Neither party shall be held liable or responsible for any delay, failure, or interruption in performance under this Agreement that results, directly or indirectly, from causes or circumstances beyond its reasonable control. Such events may include, but are not limited to, natural disasters, floods, fires, earthquakes, pandemics, labor disputes, strikes, embargoes, acts of government or regulatory authorities, wars, terrorism, civil unrest, power failures, interruptions of internet or telecommunications services, or any other cause beyond the reasonable control of the affected party.
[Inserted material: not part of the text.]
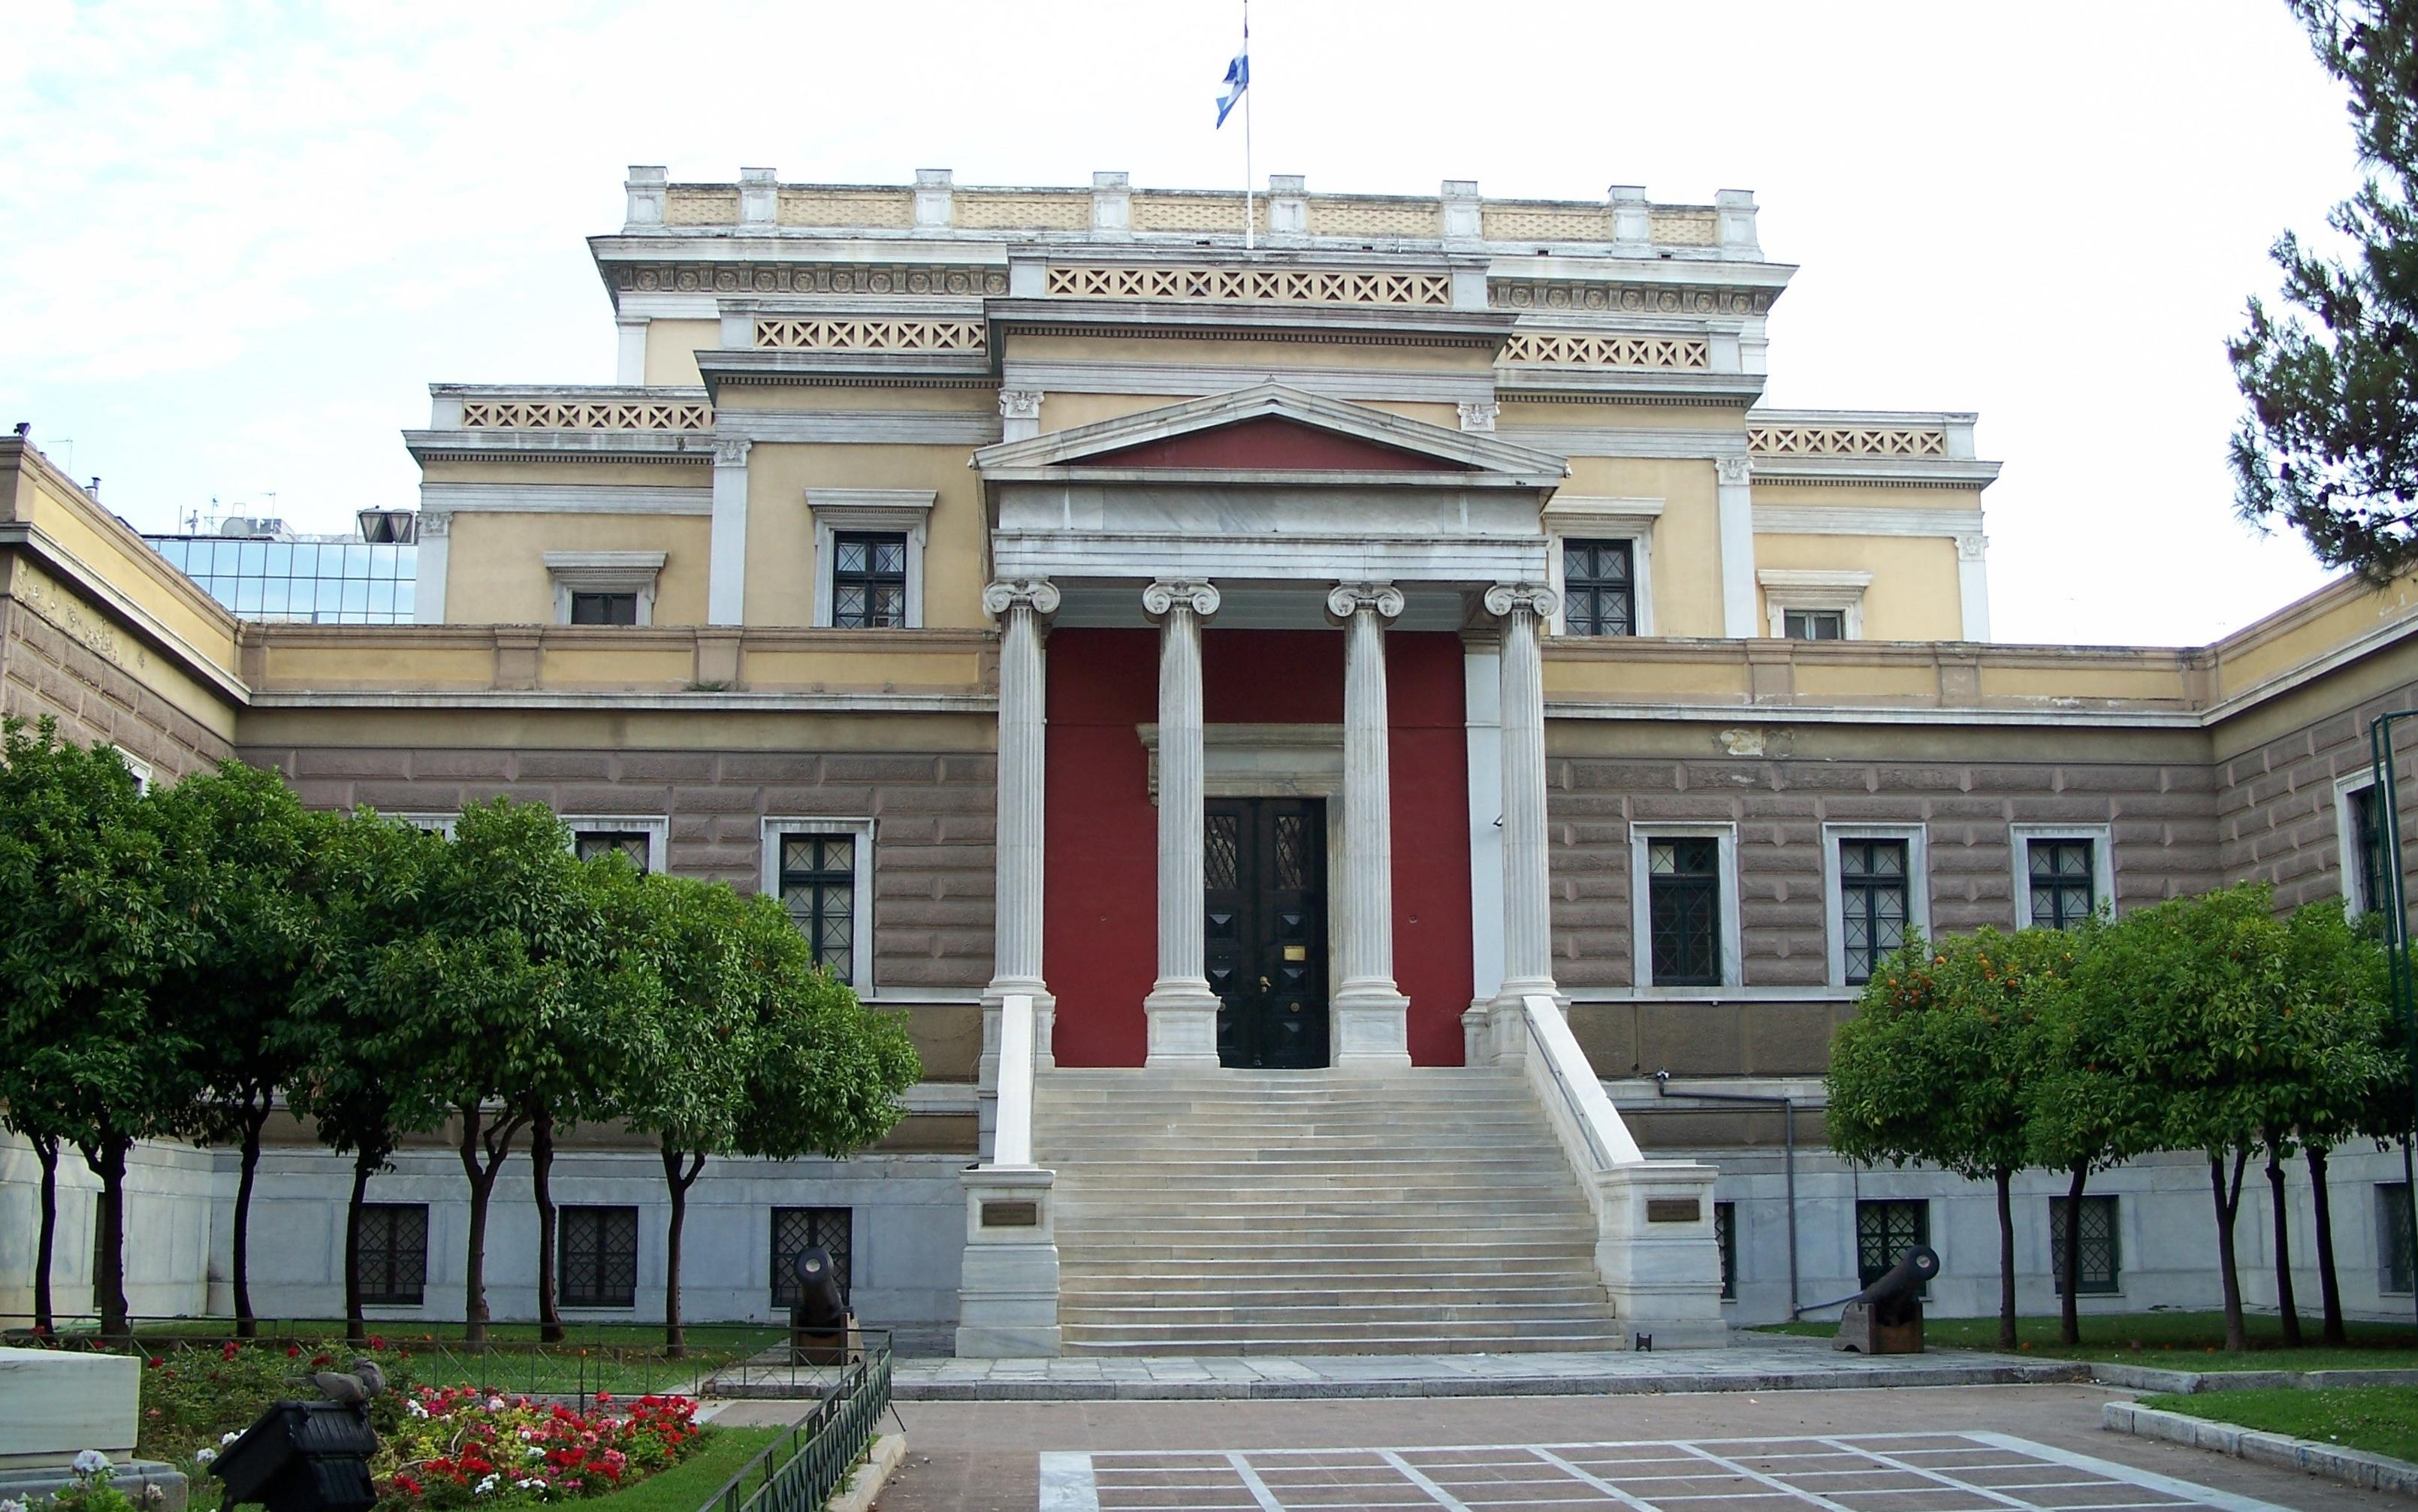 Old_Greek_Parliament_Athens, Ερνέστος Τσίλερ, Ernst Ziller, αρχιτέκτονας, ιστορικά κτίρια

The obligations of the affected party shall be suspended for the duration of the force majeure event, provided that such party uses commercially reasonable efforts to mitigate the effects and resumes its performance as soon as reasonably practicable.


16. Miscellaneous

16.1 Severability

If any provision of this Agreement is held to be invalid, illegal, or unenforceable by a court of competent jurisdiction, such provision shall be enforced to the maximum extent permissible, and the remaining provisions shall continue in full force and effect.

16.2 Entire Agreement

This Agreement, together with any policies, guidelines, or addenda expressly incorporated herein, constitutes the entire agreement between the parties with respect to its subject matter and supersedes all prior or contemporaneous understandings, representations, or agreements, whether written or oral.

16.3 Waiver

No failure or delay by either party in exercising any right, power, or remedy under this Agreement shall constitute a waiver of such right, power, or remedy. Any waiver must be expressly made in writing and signed by the waiving party to be effective.

16.4 Notices

All legal notices, requests, or other formal communications required or permitted under this Agreement shall be in writing and delivered to [email protected], or to such other address as UpPromote may designate in writing. Notices shall be deemed given upon receipt of electronic confirmation or, if by physical delivery, upon confirmed delivery to the designated address.

16.5 Assignment

Affiliates may not assign, transfer, or delegate any of their rights or obligations under this Agreement without the prior written consent of UpPromote. Any attempted assignment without such consent shall be null and void.

16.6 Survival

Any provisions of this Agreement which by their nature should survive termination (including but not limited to confidentiality, intellectual property, indemnification, limitation of liability, and governing law) shall survive termination or expiration of this Agreement.